→ **Task details**
Reproduce, word for word, the lines in the material below starting with the one that has "Bruno Zevi, Progetto" and going on through the one that has "LINVO Square Frame". Leave out all pictures.

*** Opening of Data excerpts ***

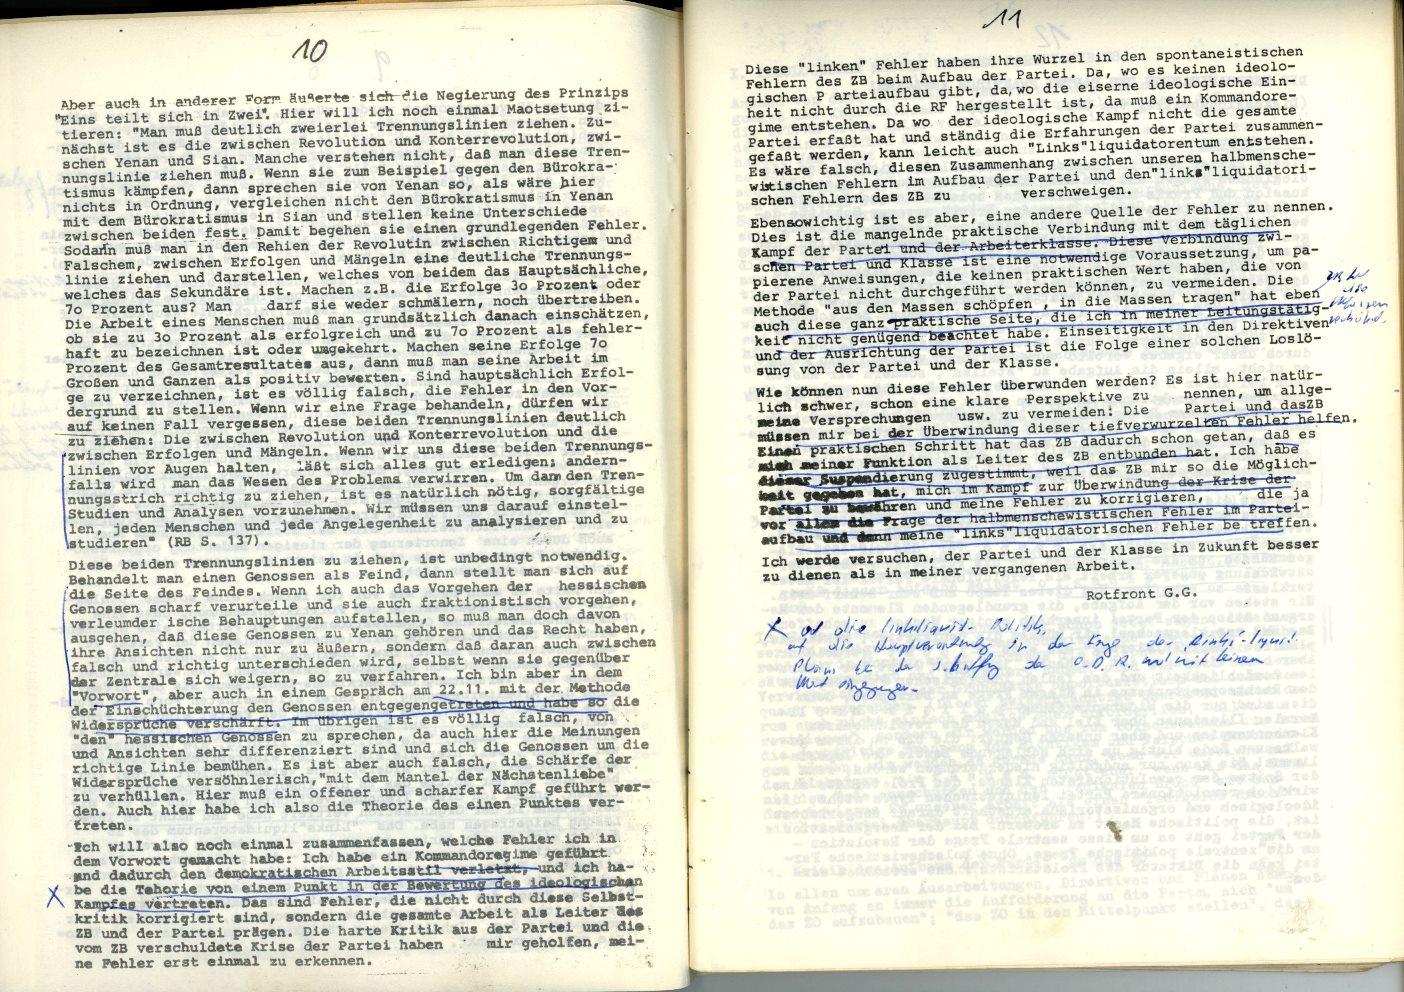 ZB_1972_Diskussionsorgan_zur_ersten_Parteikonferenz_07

*** Close of Data excerpts ***
*** Opening of Data excerpts ***

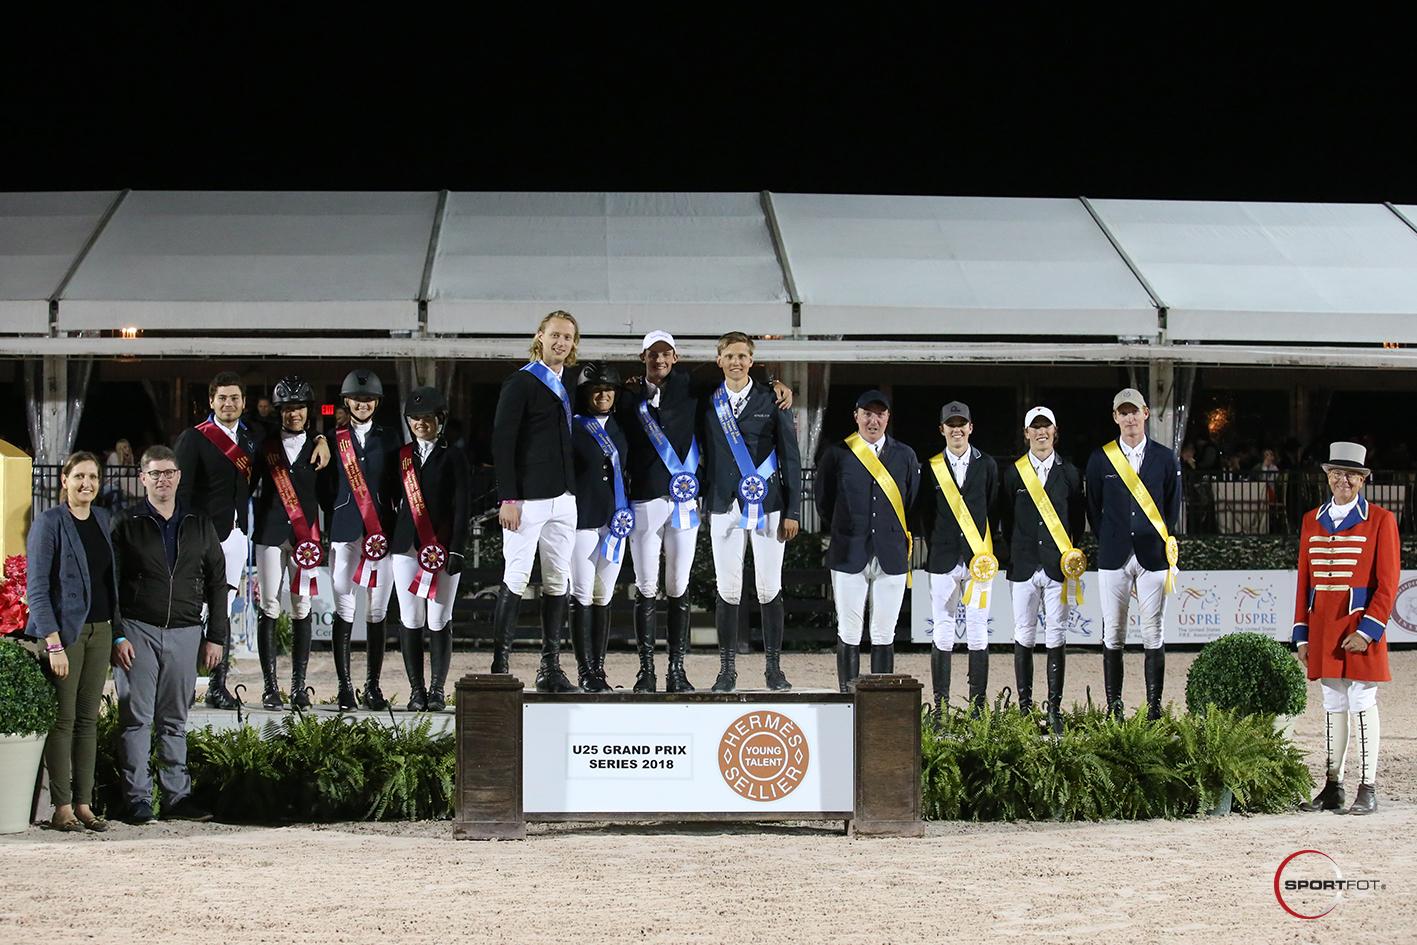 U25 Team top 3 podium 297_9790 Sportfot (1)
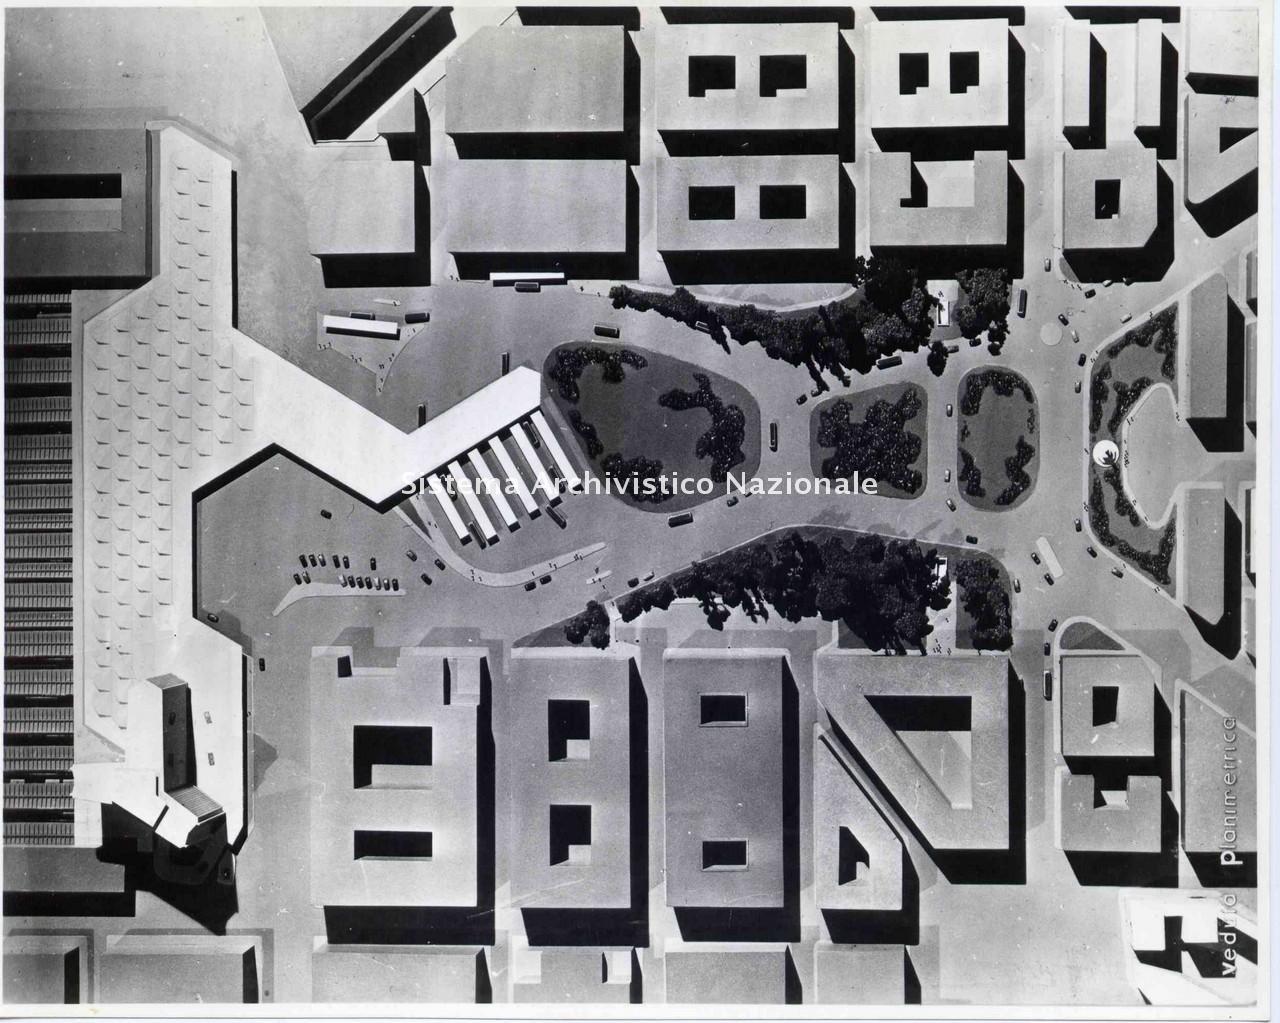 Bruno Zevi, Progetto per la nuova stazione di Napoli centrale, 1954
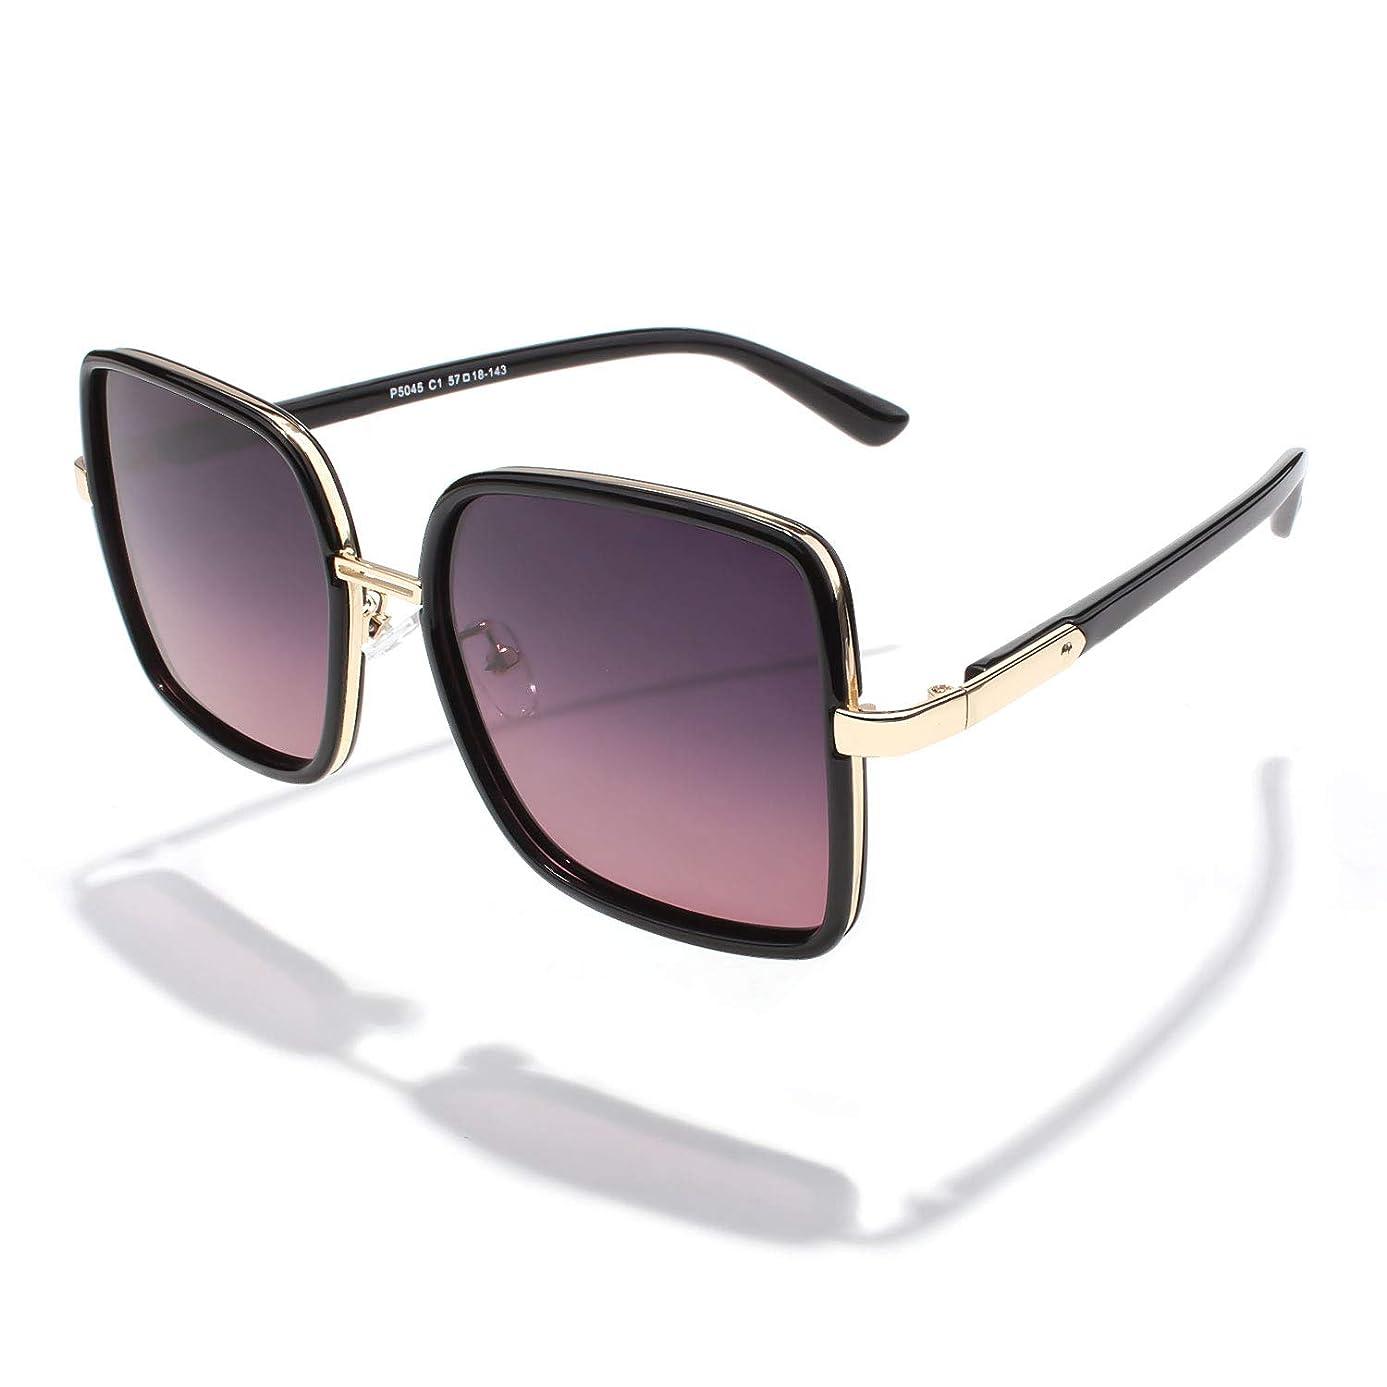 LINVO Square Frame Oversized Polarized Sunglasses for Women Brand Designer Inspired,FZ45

*** Close of Data excerpts ***

→ **Result**
 Bruno Zevi, Progetto per la nuova stazione di Napoli centrale, 1954
 LINVO Square Frame Oversized Polarized Sunglasses for Women Brand Designer Inspired,FZ45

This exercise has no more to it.